# Regex

What is it?
- Regular expressions (called regexes or regex patterns) are a tiny language for dealing with text and character patterns

Why do we care? 
- With this, we can extract text, match text, or replace text that matches a pattern

In [2]:
import pandas as pd
import numpy as np

#new import!
import re

## re library function

`re.findall(pattern, string)` 

 - finds all substrings where the REGEX matches; returns a list

### Literals - start simple

In [3]:
subject = 'abc'

#### find the letter a

In [4]:
re.findall(r'a', subject)

['a']

#### find the letter d

In [6]:
regexp = r'd'

re.findall(regexp, subject)

[]

### Literals - make it more complex

In [14]:
subject = 'Mary had a little lamb. 1x little lamb.
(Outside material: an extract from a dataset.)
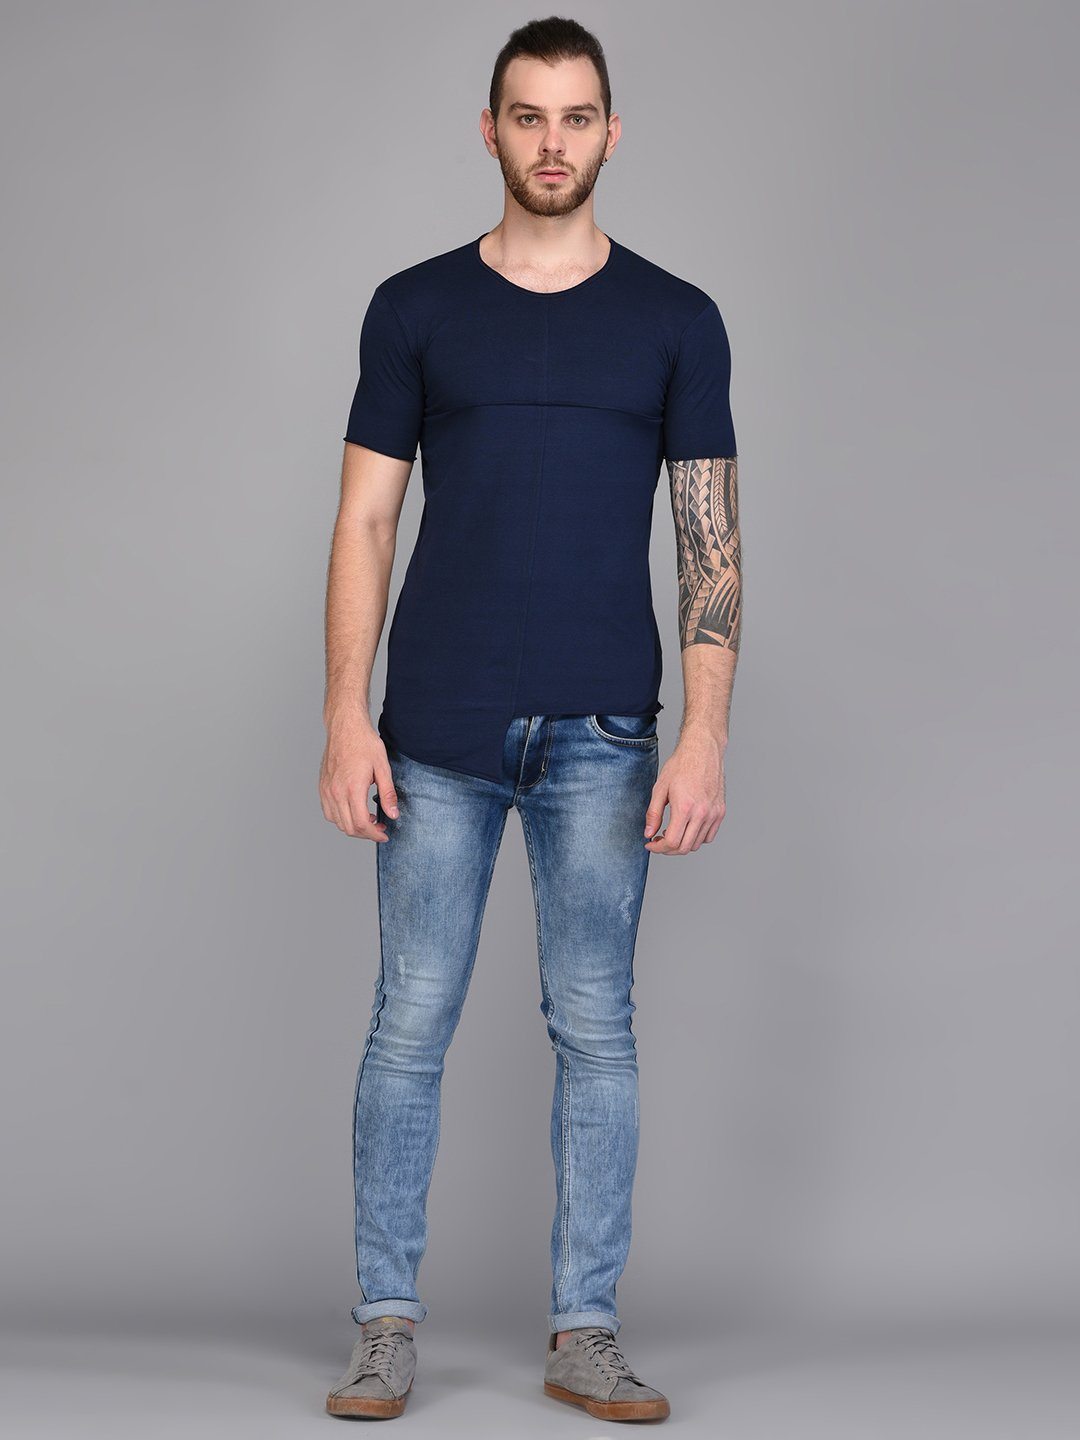 Navy Blue Paneled T-shirt with Asymmetrical Hemline

Not 10 lambs, not 12, not 22, just one'

#### find not

In [9]:
regexp = r'not'

re.findall(regexp, subject)

['not', 'not']

In [10]:
regexp = r'Not'

re.findall(regexp, subject)

['Not']

##### regex flag: re.IGNORECASE

In [11]:
regexp = r'not'

re.findall(regexp, subject, re.IGNORECASE)

['Not', 'not', 'not']

#### find lamb

In [16]:
regexp = r'lamb'

re.findall(regexp, subject)

['lamb', 'lamb', 'lamb']

## Metacharacters
<div class="alert alert-block alert-info">
    
- `\w`: any letter or digit
- `\W`: anything that is *not* a letter or digit



- `\d`: any digit
- `\D`: anything that is *not* a digit


- `\s` : any whitespace


-  `.` : anything
    
</div>

### Try them all 

In [31]:
subject = 'abcccC. 123!w '

#### `\w`: any letter or number

In [18]:
regexp = r'\w'

re.findall(regexp, subject)

['a', 'b', 'c', 'c', 'c', 'C', '1', '2', '3']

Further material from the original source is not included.